Accepting imperfection and failure

There’s something that might be sticking to me that I pick up from both my game design course and my brother, in the latter case it’s more because of how I react to what he does and what he tells me. In the former case, I have to deal with animation students in one of my course modules who seem to obsess with the perfection of a product rather than the practice of production. They think a lot about making something realistic and visually striking to earn good grades, but I don’t really care about that. This is partly because I don’t think I can and I’m able to live with it, but also because I don’t like the expectation of perfection hanging over me and making things more restrictive. As a game design student, I prefer the acceptance of imperfections, utilizing your own skills and building upon them, and balance, rather than pursue visual perfection and focus on currying favor for it even if it’s from the lecturers.

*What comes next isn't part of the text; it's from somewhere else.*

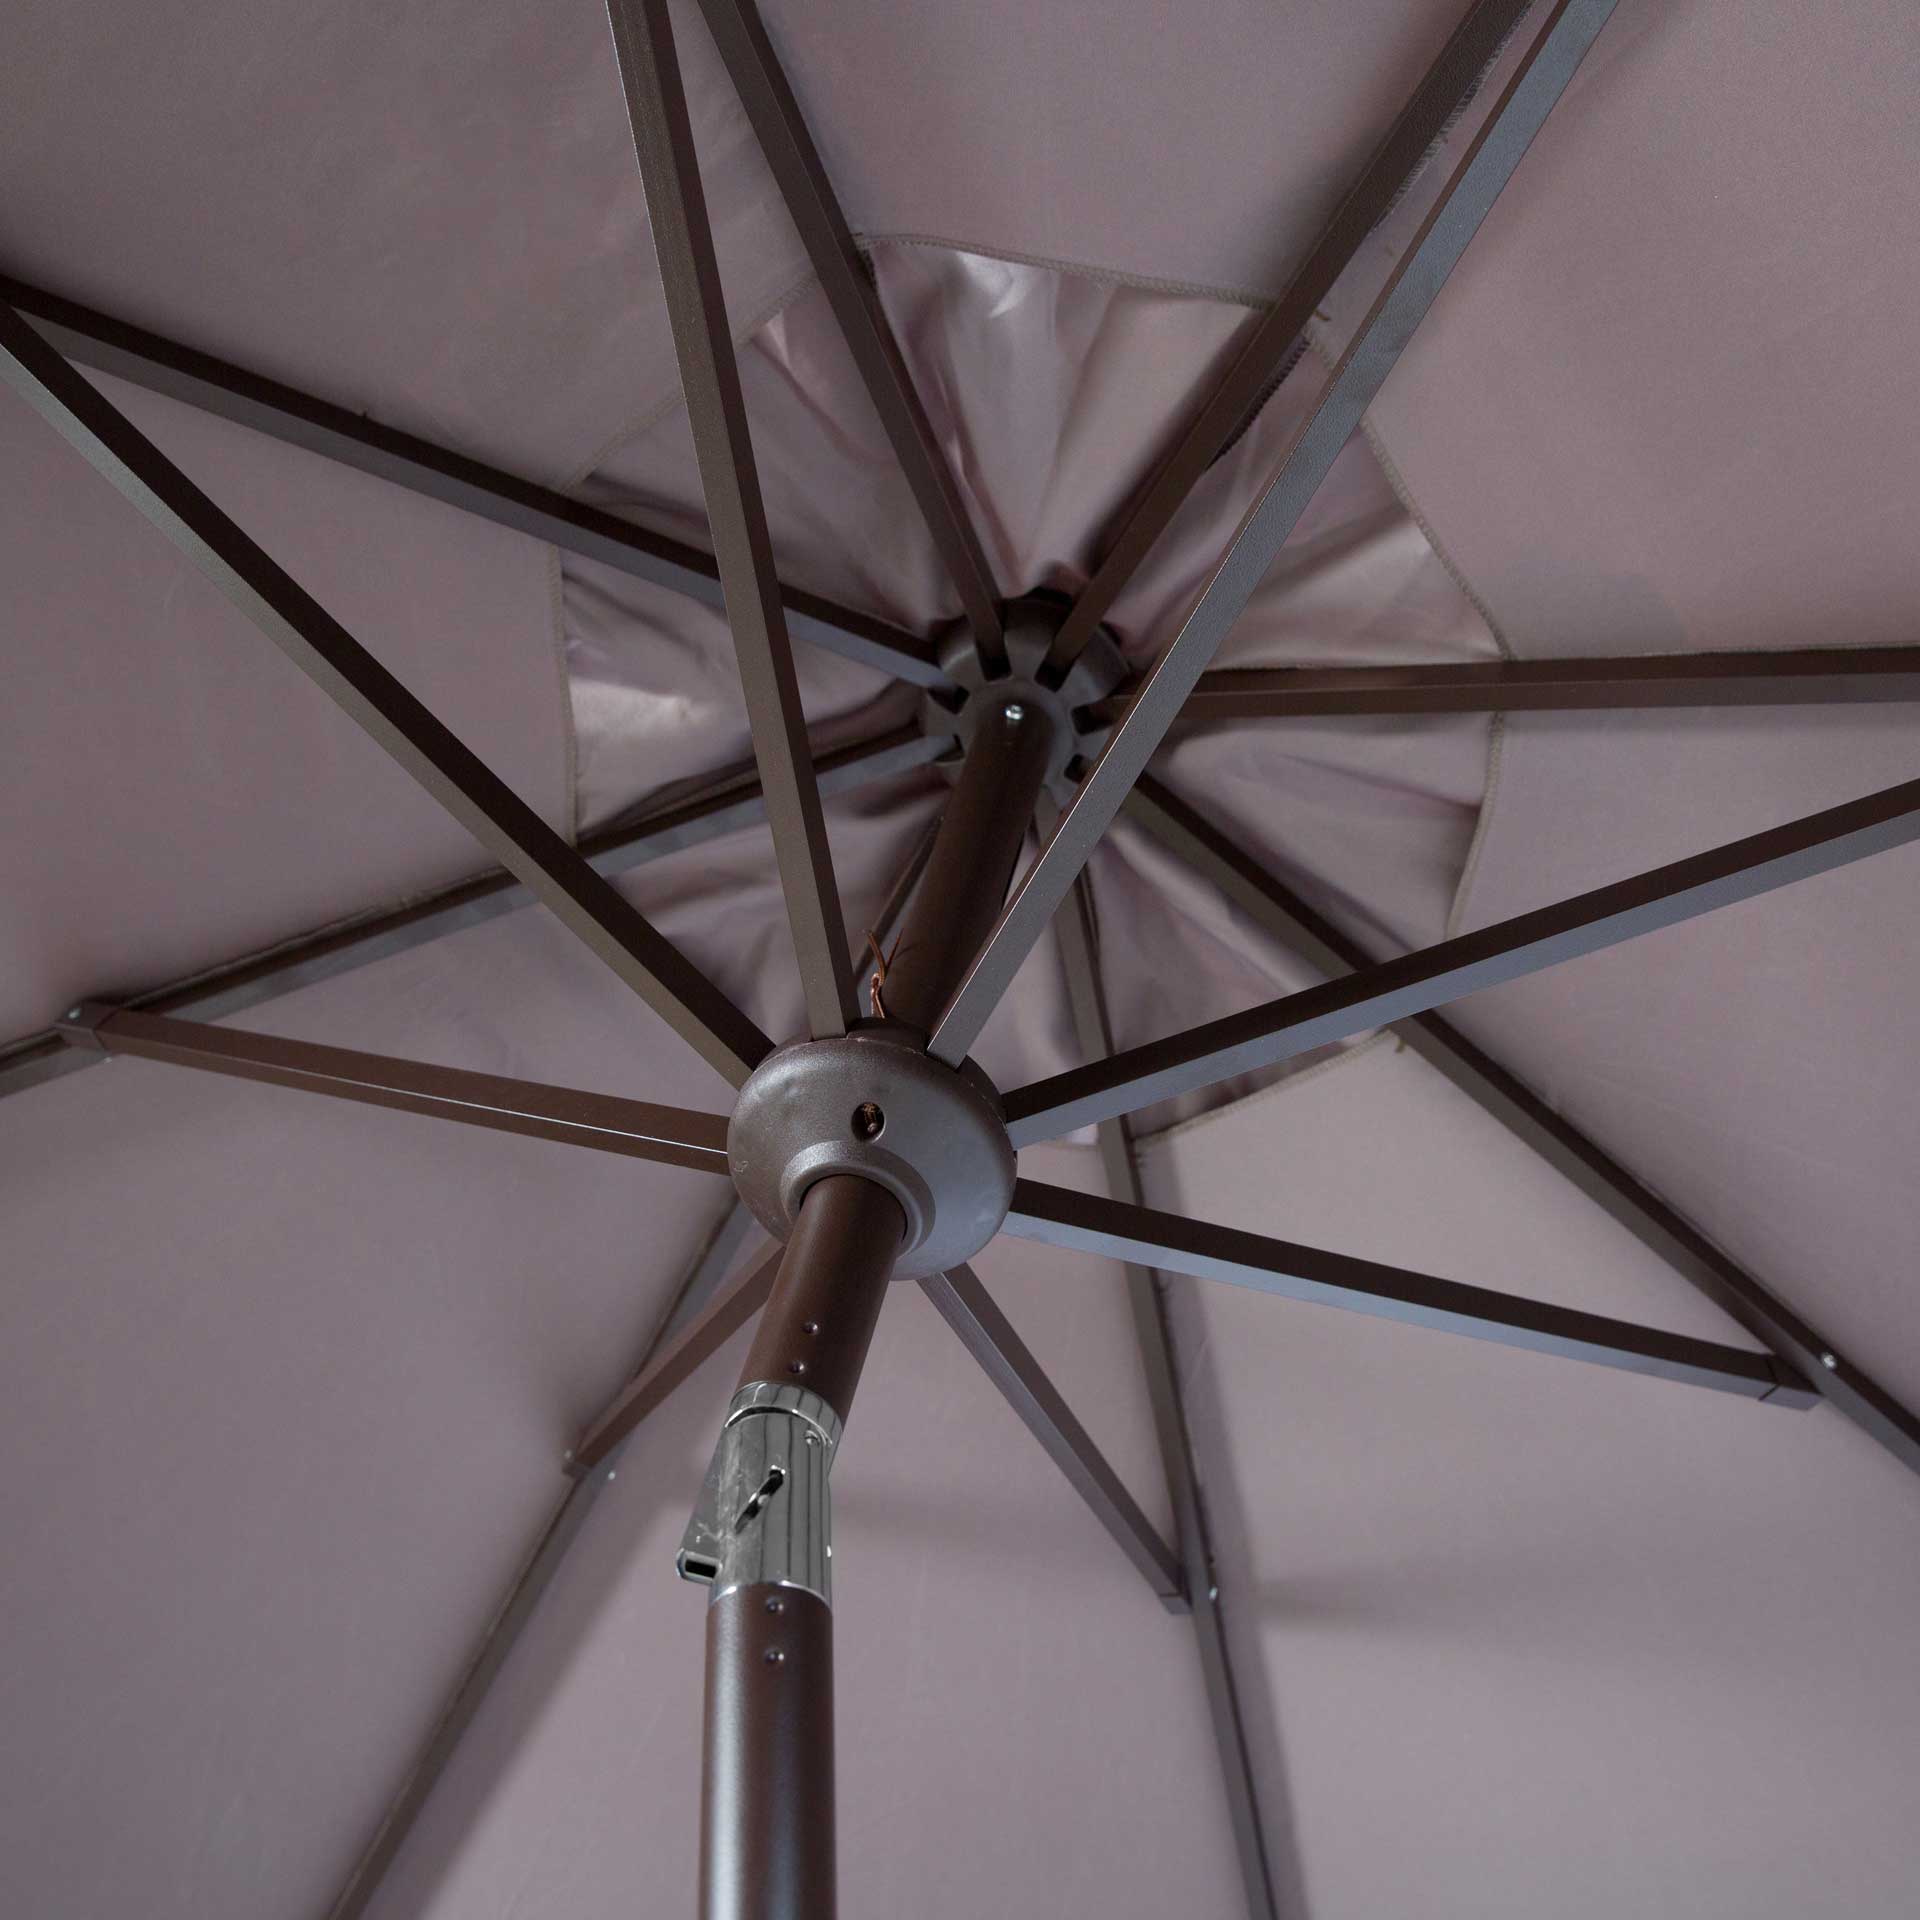 Orna Uv Resistant Auto Tilt Crank Umbrella Gray
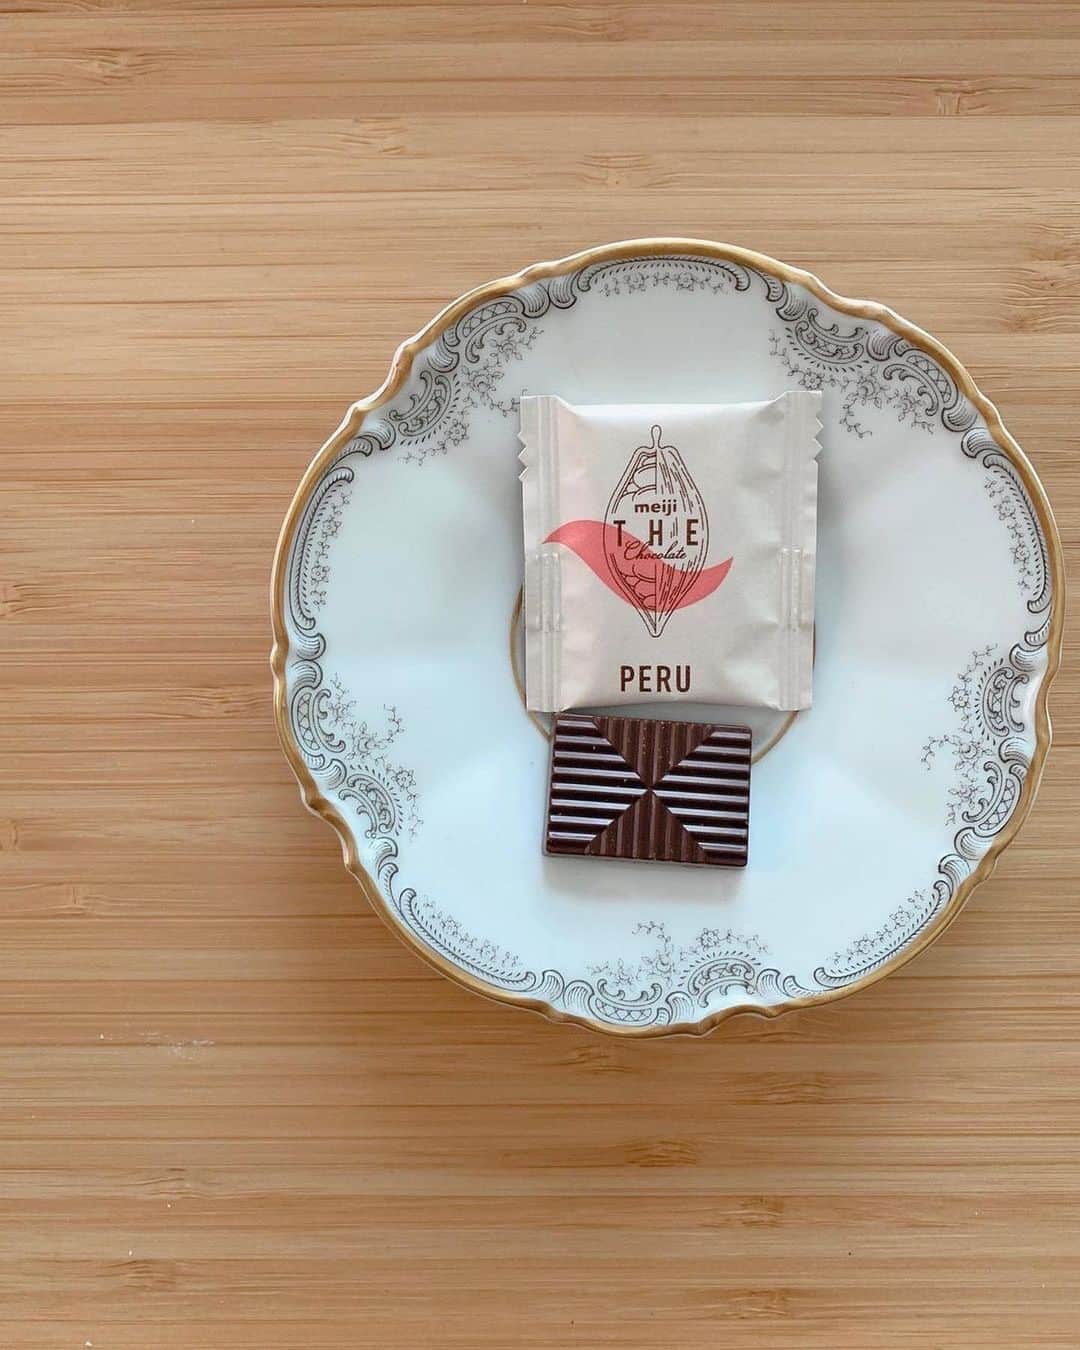 【公式】明治 ザ・チョコレートのインスタグラム：「* ザチョコを食べ比べしていただきありがとうございます✨ お気に入りを見つけていただいたようでとても嬉しいです。  今後もひと休憩する際の お供としていただければと思います♡  @hirokopon2006 さんのザチョコの投稿をご紹介いたします。  明治 ザ・チョコレート公式Instagramでは、ザチョコをお愉しみいただいている皆さんの写真を募集しています。  #私のザチョコの愉しみ方 をつけてシェアしてくださいね。  #peruがとっても好き  #明治thechocolate #明治ザチョコレート #私のザチョコの愉しみ方 #thechocolate #ザチョコレート #ザチョコ #明治 #meiji #おうちチョコ #語りたくなるチョコレート #ベネズエラ #ブラジル #ペルー #ドミニカ共和国 #チョコレート #🍫 #ビーントゥバー #BEANtoBAR #チョコレート好き #チョコレートのある暮らし #チョコレートのある生活 #甘いもの好きな人と繋がりたい #SDGs #メイジカカオサポート #エシカル #サステナブル #サステナブルなチョコレート」

As for my brother, I often complain now of how wound up he can be about failing to do his college work, or when he complains about a painting he made being ruined (and blaming it on something), or when he criticizes me for my espousing of my belief in will, the power of will, and the acting upon it in order to fulfill desires on the grounds that I haven’t yet achieved my goals with those ideals and beliefs in mind, even when I tell him I do the best I can. It’s simple to apply, but not necessarily easy to do. The individual will always encounter some failure, and no one is perfect in their endeavors, so I feel like we shouldn’t get hung op on imperfection or the possibility of failure. Instead, I think that we should accept it. I don’t think individuals should hope to fail, or deliberately set out to fail, or just not bother striving to be more of themselves. I just think that if you fail, you might as well accept it and move on, and be comfortable with imperfection. It doesn’t matter if you’re not perfect, or the best, just try to do the best you can or be the best you can be and not get wound up about the possibility of failure. That’s why nowadays I can get angry with people who get wound up over me making a mistake or an error in judgement, as has happened on my course in at least one module.